Based on the distances between the sensors, we were able to convert the error from samples (temporal) into metres (spatial). In order to examine the spatial error more closely, we chose three threshold values:

200 cm as the minimum wheel distance;
37 cm as the maximum labelling error (Figure 6);
20 cm as the length of the wheel load measuring point.

The spatial errors for a threshold of 2 m were mostly at 0 cm, with an almost symmetrical distribution (Figure 11), thus indicating that there is no bias in the VAD. Most values were within a spatial error of 20 cm, and only a few values had an error higher than 25 cm. The maximum labelling error in the velocity range of most passages (30–60

\frac{m}{s}

) was partially even above 25 cm (Figure 6).
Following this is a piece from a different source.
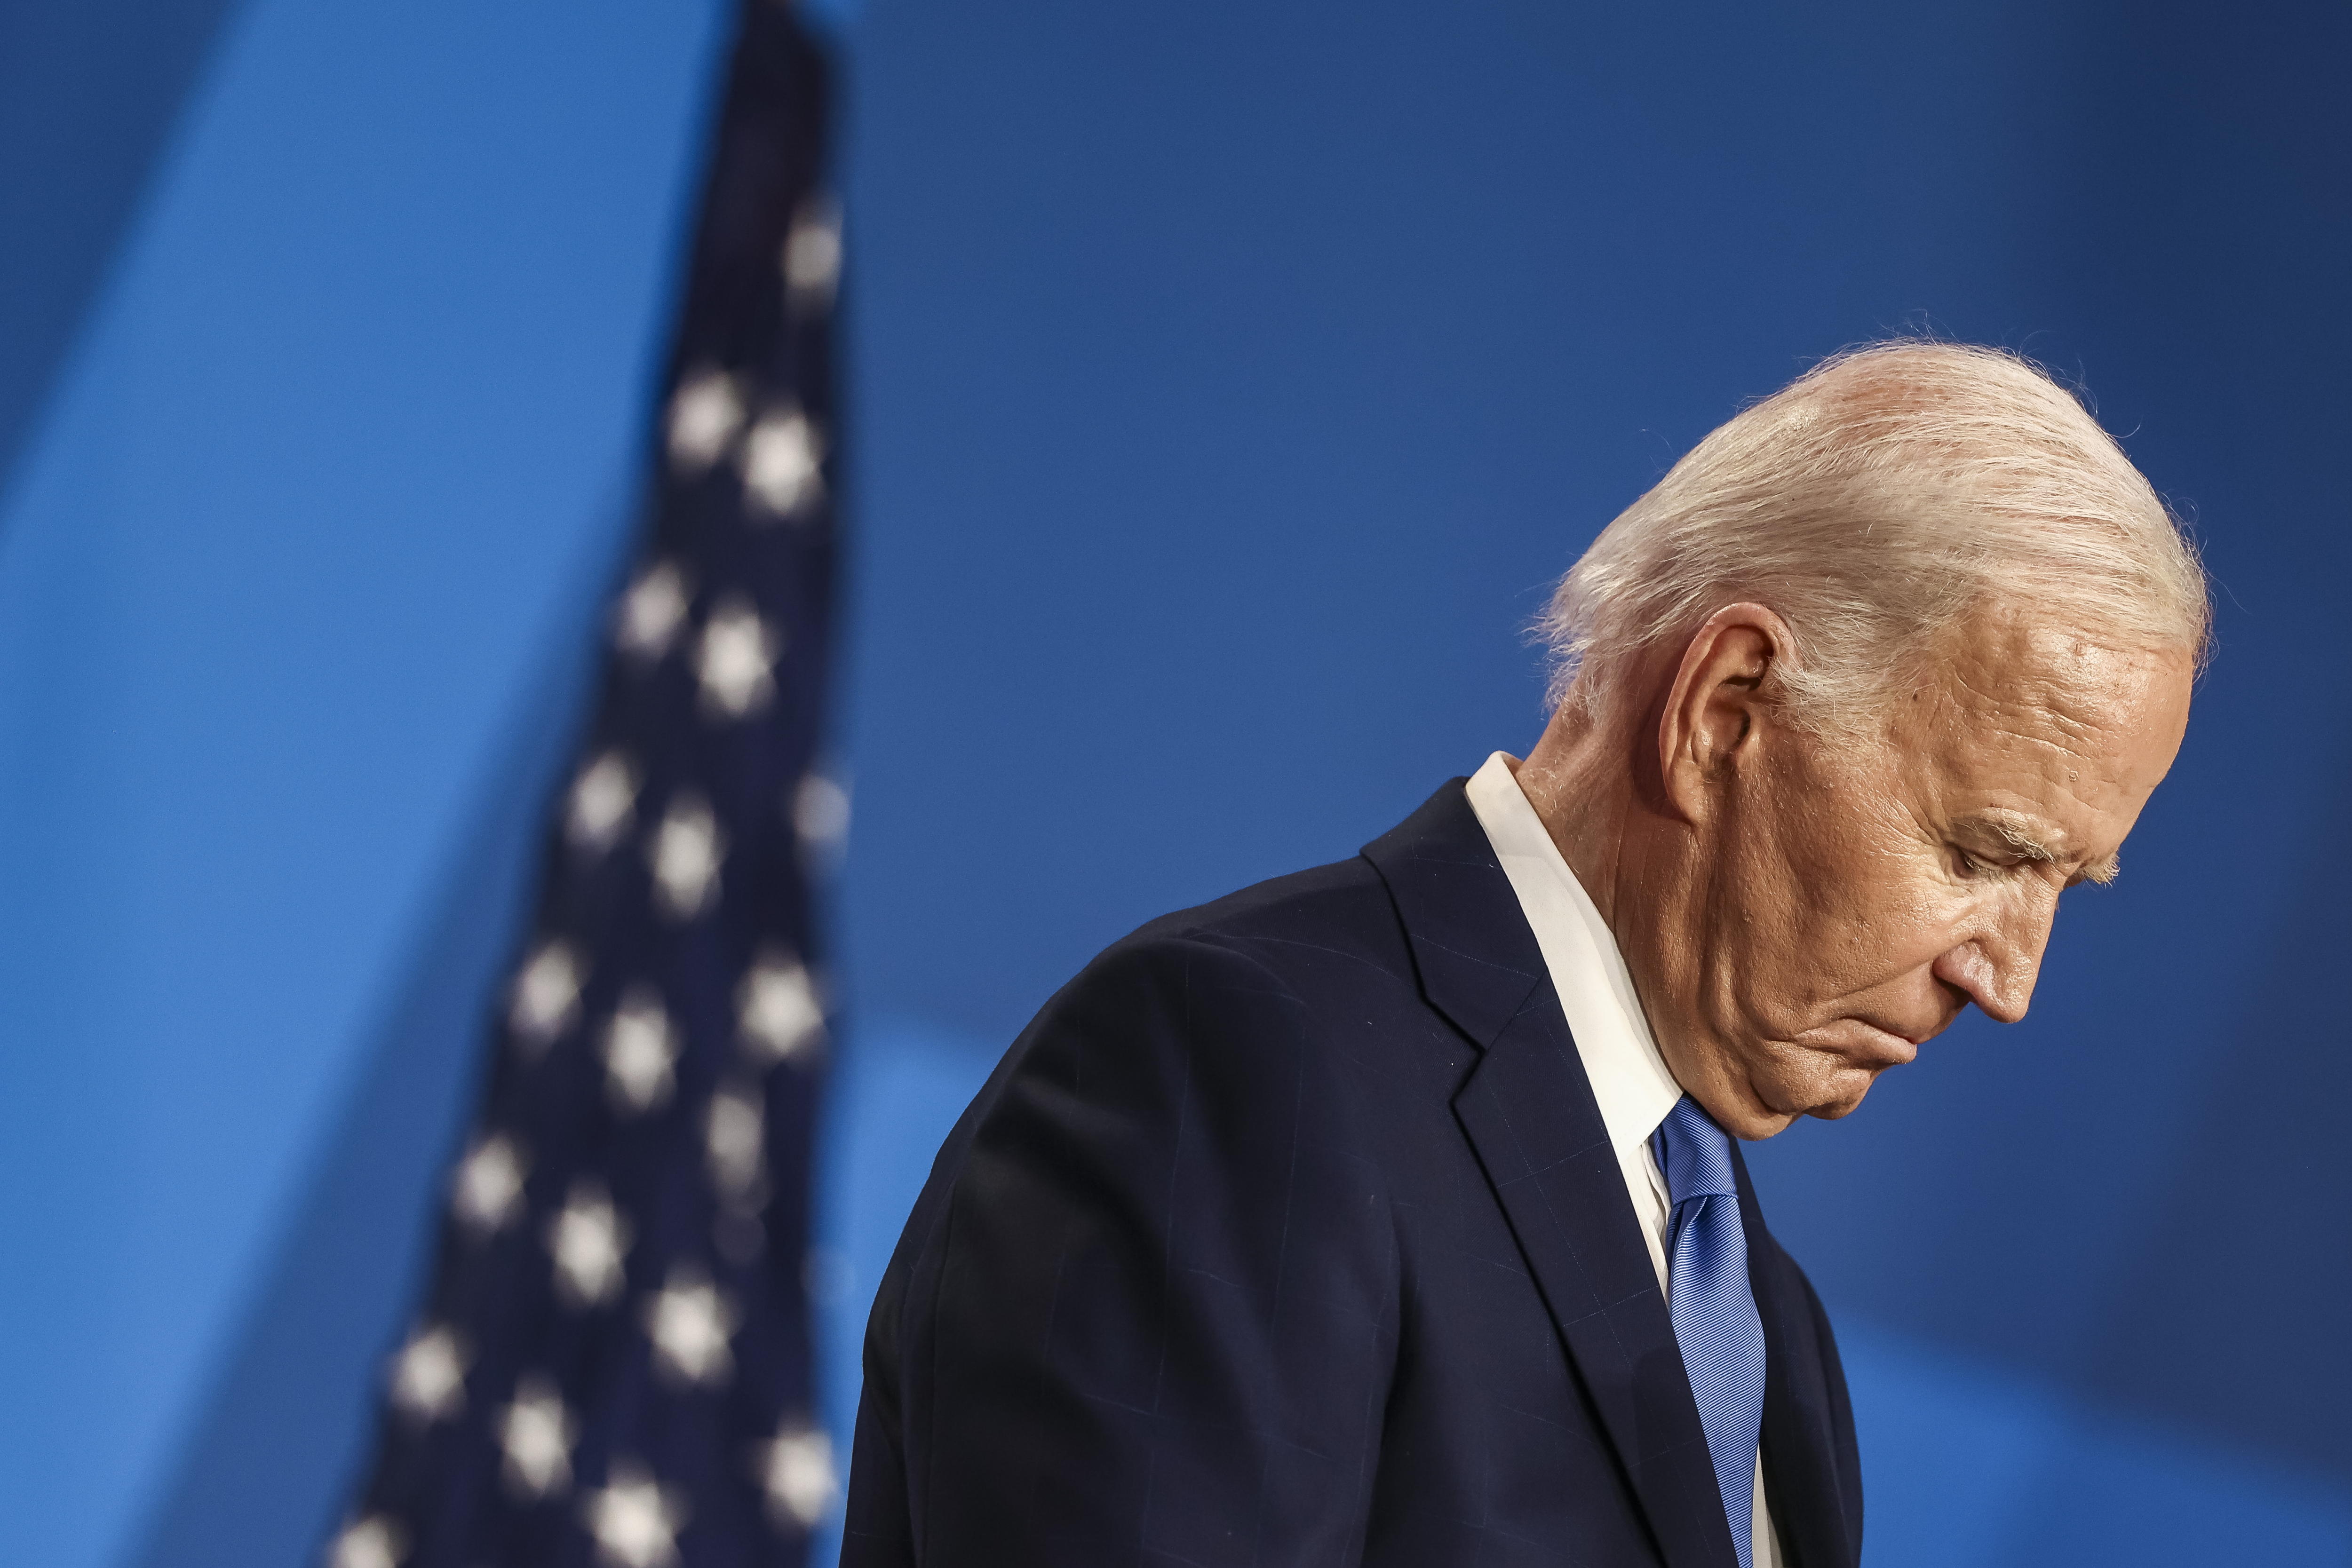 Washington (United States), 11/07/2024.- (FILE) - US President Joe Biden speaks during a press conference on the sidelines of the 75th Anniversary of the North Atlantic Treaty Organization (NATO) Summit at the Walter E. Washington Convention Center in Washington, DC, USA, 10 July 2024 (reissued 21 July 2024). Joe Biden on 21 July announced he would not seek re-election in November 2024. While it has been my intention to seek reelection, I believe it is in the best interest of my party and the country for me to stand down and to focus solely on fulfilling my duties as President for the remainder of my term, Biden announced on his X (formerly Twitter) account. (Elecciones) EFE/EPA/JIM LO SCALZO

We calculated the precision and recall per passage and sensor for each threshold in order to examine the distribution of the metrics in more detail, which resulted in 3750 values per threshold and metric (Figure 12). The differences in the results with thresholds of 20 cm and 37 cm were small, as even the 25% quantile stayed above 85% for both metrics (Figure 12). Precision and recall for a threshold of 200 cm were much better, with the 25% quantile remaining above 96%, while the mean spatial error greatly worsened by more than double the value compared to the other thresholds (Table 3). Therefore, we conclude that 37 cm is the optimal threshold value required to correctly evaluate the model’s performance. In addition, we consider predictions with a spatial error above 37 cm as outliers. It should be possible for such outliers to be sorted out in post-processing by their comparison with known train configurations.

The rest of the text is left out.